Extraction of oil and mineral resources is likely to be the greatest direct human disturbance in the arctic. Although the spatial extent of these disturbances is small, their impacts can be far-reaching because of road and pipeline systems associated with them (Walker et al., 1987). Roads in particular open previously inaccessible areas to new development, either directly related to tourism and hunting or to support facilities for resource extraction.

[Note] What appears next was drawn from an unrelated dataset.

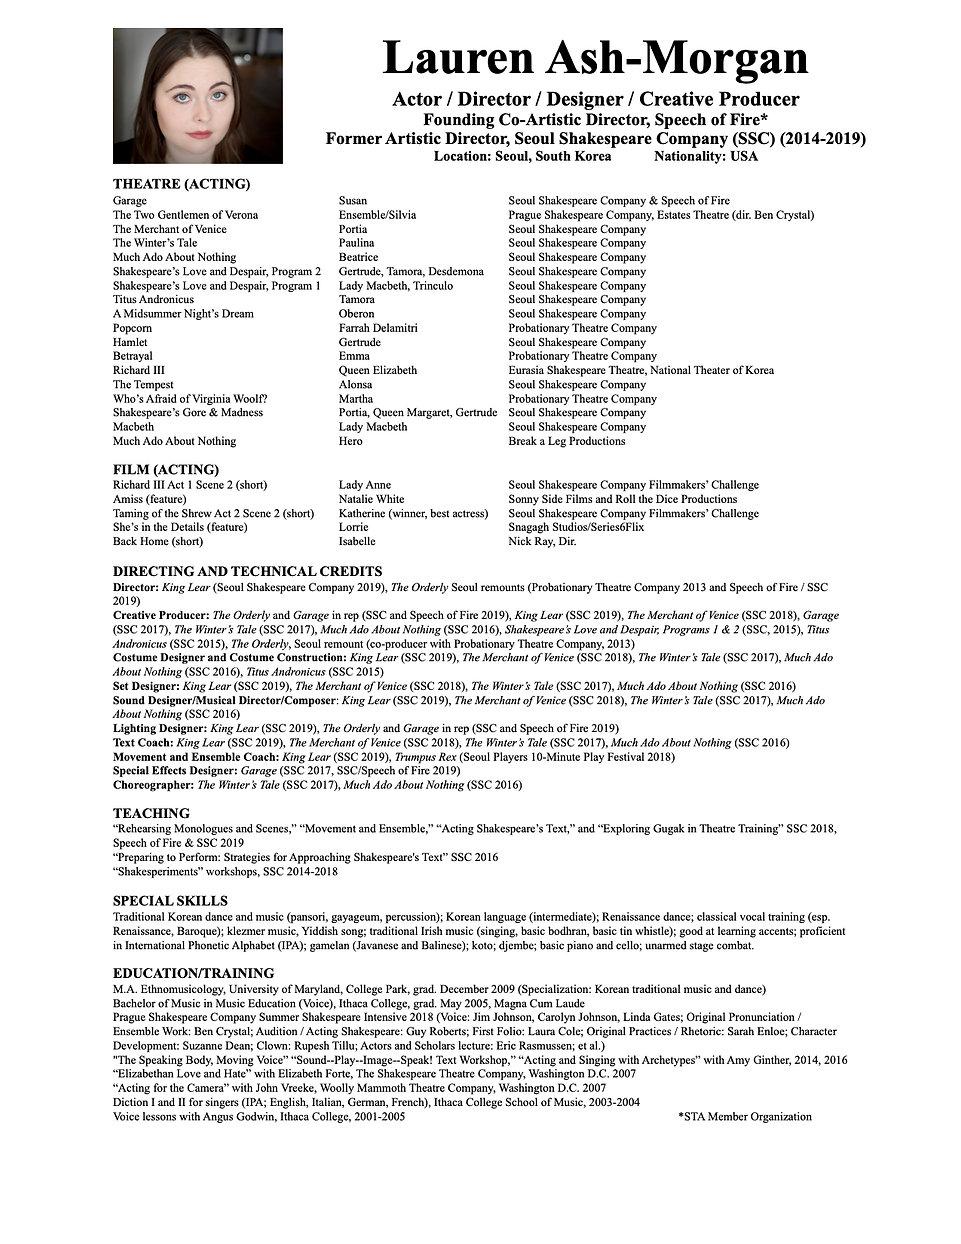 Lauren Ash-Morgan Resume (May 5, 2020) (

Changes in goods and services in alpine ecosystems are likely to be dominated by changes in land use associated with grazing, recreation, and other direct impacts, as a result of their proximity to population centers (Körner, 1999; Walker et al., 2001). Many of the alpine zones with greatest biodiversity, such as the Caucasus and Himalayas, are areas where human population pressures may lead to most pronounced land-use change in alpine zones (Akakhanjanz and Breckle, 1995). Direct impacts from human activities are likely to be most pronounced in lower elevational zones that are most accessible to people (Körner, 1999). Improved road access to alpine areas often increases human use for recreation, mining, and grazing and increased forestry pressure at lower elevations (Miller et al., 1996). Overgrazing and trampling by people and animals may tend to destabilize vegetation, leading to erosion and loss of soils that are the long-term basis of the productive capacity of alpine ecosystems.

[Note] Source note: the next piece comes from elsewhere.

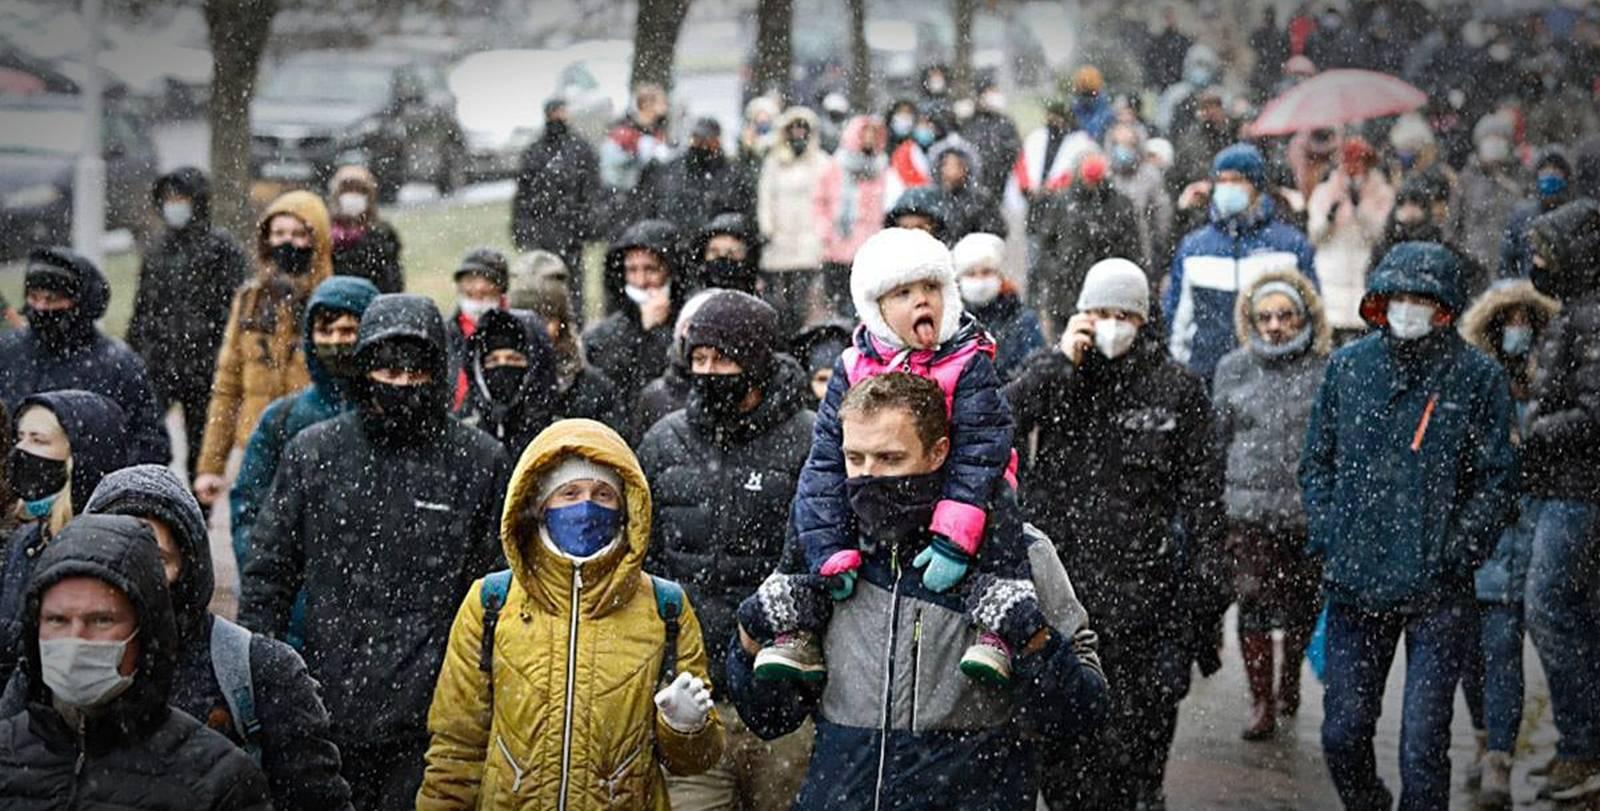 Беларусь в переходный период: сценарии развития ситуации

Alpine areas that are downwind of human population or industrial centers experience substantial rates of nitrogen deposition and acid rain (Körner, 1999). Continued nitrogen deposition at high altitudes, along with changes in land use that lead to soil erosion, can threaten provision of clean water to surrounding regions. Nitrogen deposition occurs primarily during the winter and is transmitted directly to streams during snowmelt, so it readily enters water supplies (Körner, 1999). Many places that use water from alpine areas depend on slow release of the water by melting of snowfields in spring and summer. Warming is likely to create a shortened snowmelt season, with rapid water release creating floods and, later, growing-season droughts. These changes in seasonality, combined with increased harvest in montane forests, would amplify floods.